I can’t speak for all LLMs because 1) different models have have different pretraining data sources and 2) the tokenizers that LLMs use to convert word fragments to numbers can be trained on weird datasets…
But we definitely know that certain LLM datasets are no more “cleaner” than the human ones because it would be really expensive (economically and/or computationally) to curate that sort of clean data set, and also because people looked into it. Noisy datasets are why you can get shenanigans like the SolidGoldMagikarp incidents in GPT2 (great showcase examples from tweet and paper here
The more curated you want your dataset to be, the smaller it will be. You can’t get 15 trillion tokens from just nice clean “textbook quality” data. You can get roughly 7B like the people who trained phi-1 did (https://openreview.net/pdf?id=Fq8tKtjACC). And now you can get the current models to generate cleaner synthetic data on whatever you ask it to, but when you do that to train new models, then that’s no longer as closely tethered to “reality”. The human analogy would be like having a child where the majority of their experience comes only from words they hear from other people, or words they read in books, and rarely looked at “reality” to double check statement like…idk all swans are white? (Which tbh is the modern human experience for some parts of the world so 🤷♀️)

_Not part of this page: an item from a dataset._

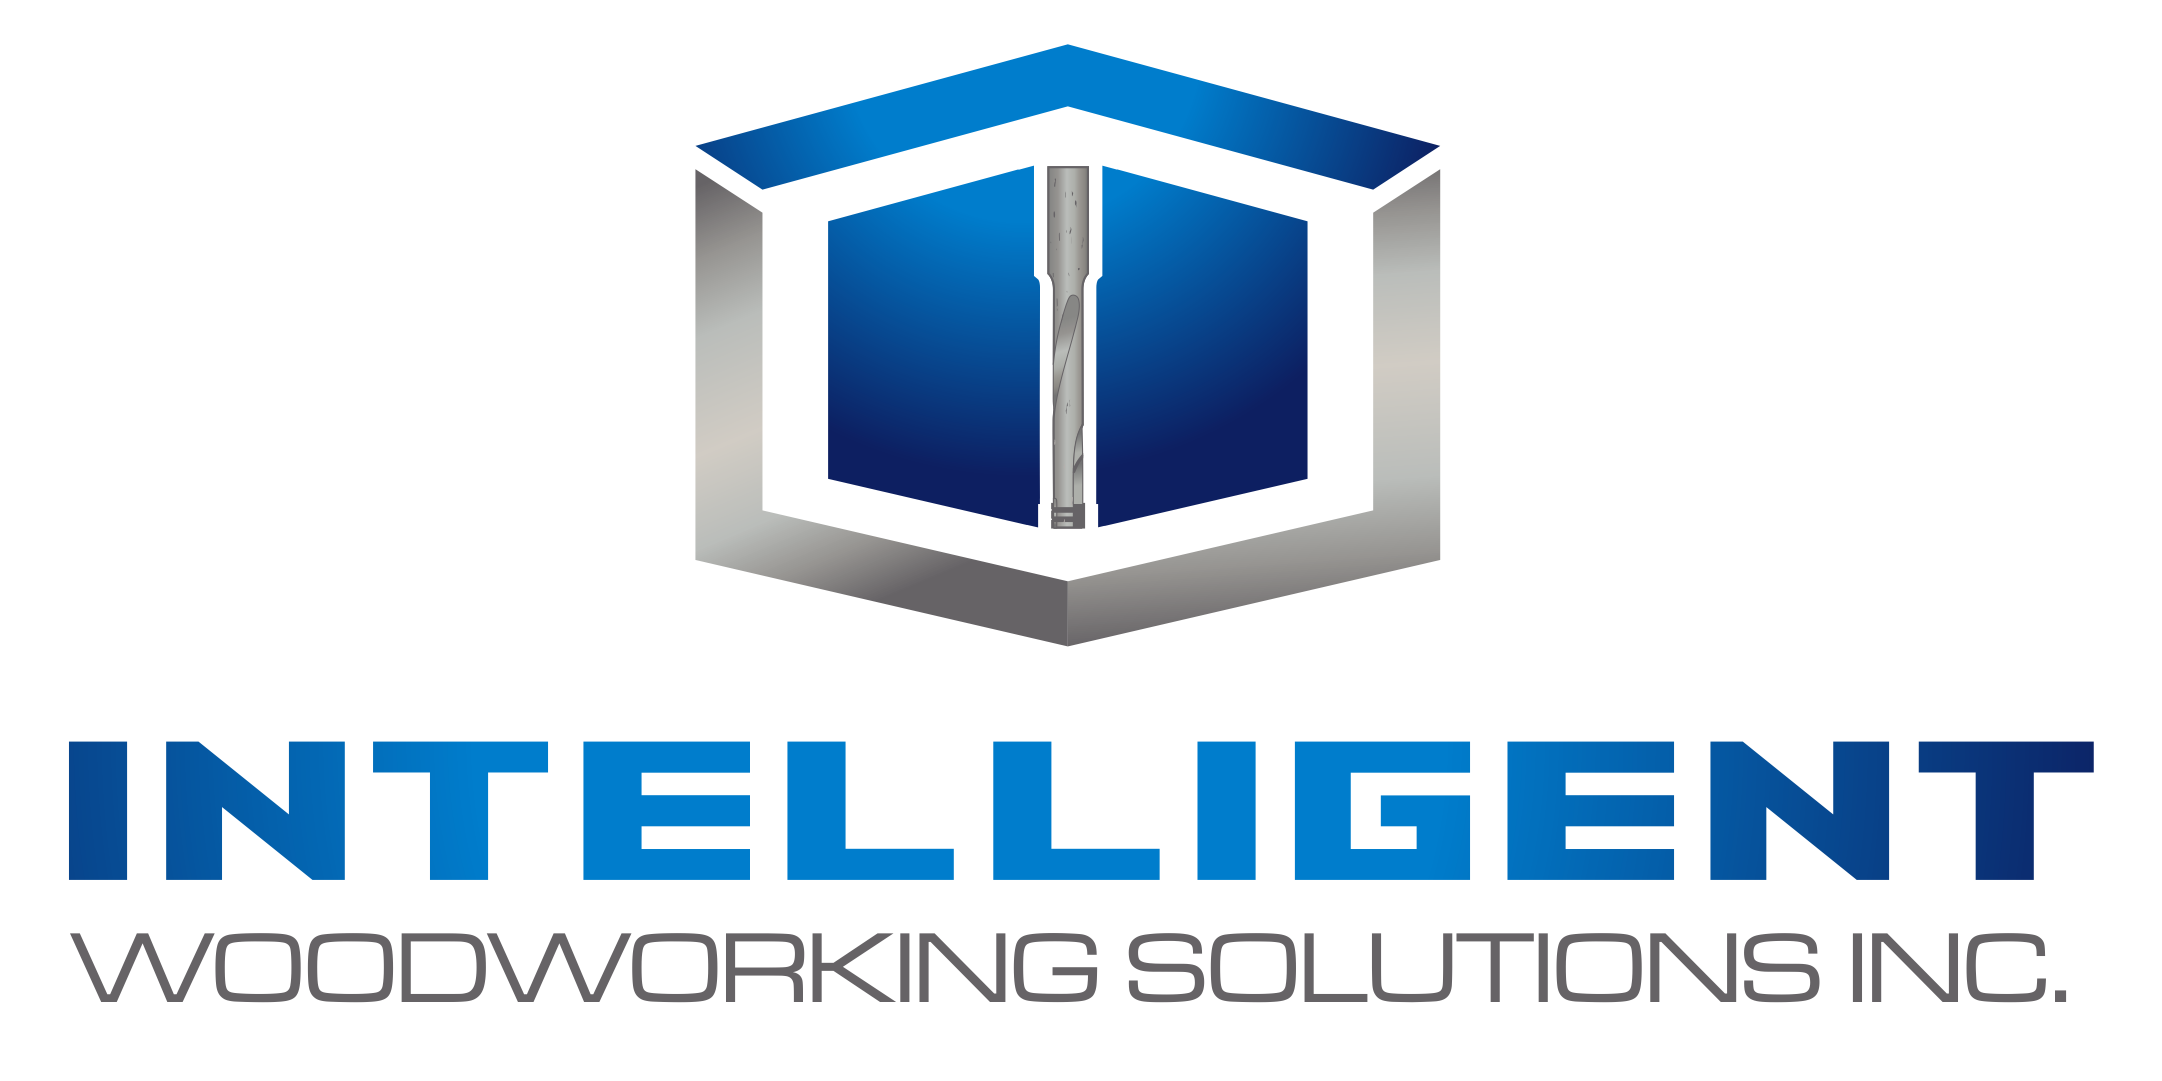 Intelligent Woodworking Solutions, Inc.

And yeah, I too would love to know how many bits it takes for humans to be fluent but…it would be hard to decide what counts as “conversationally fluent”, whether you would compare first or second language learners in some language X on the human side, what sort of social demographics of the human you’re looking at etc.
And on the LLM side, you’d have to decide how big of a model you wanted to train, and whether you want to count models that were only given training input from clean conversational text in language X, or whether you’d want a broader mix, depending on how “curated” an environment you want to mimic from the human side etc.
But on a final note, I’m not really sure what you mean the “artificial noise” when we’re talking about the human sensory system. If the ultimate data generating object we’re interested in is “reality” or “nature”, then in what sense can there be “artificial noise”? Like if our eyes detect visible light waves but we don’t understand what it means, the waves still had to come from somewhere….? (Maybe the somewhere was internally generated like schizophrenic hallucinations, but that’s still somewhere. The somewhere just happens to be the part of reality sitting inside your skull).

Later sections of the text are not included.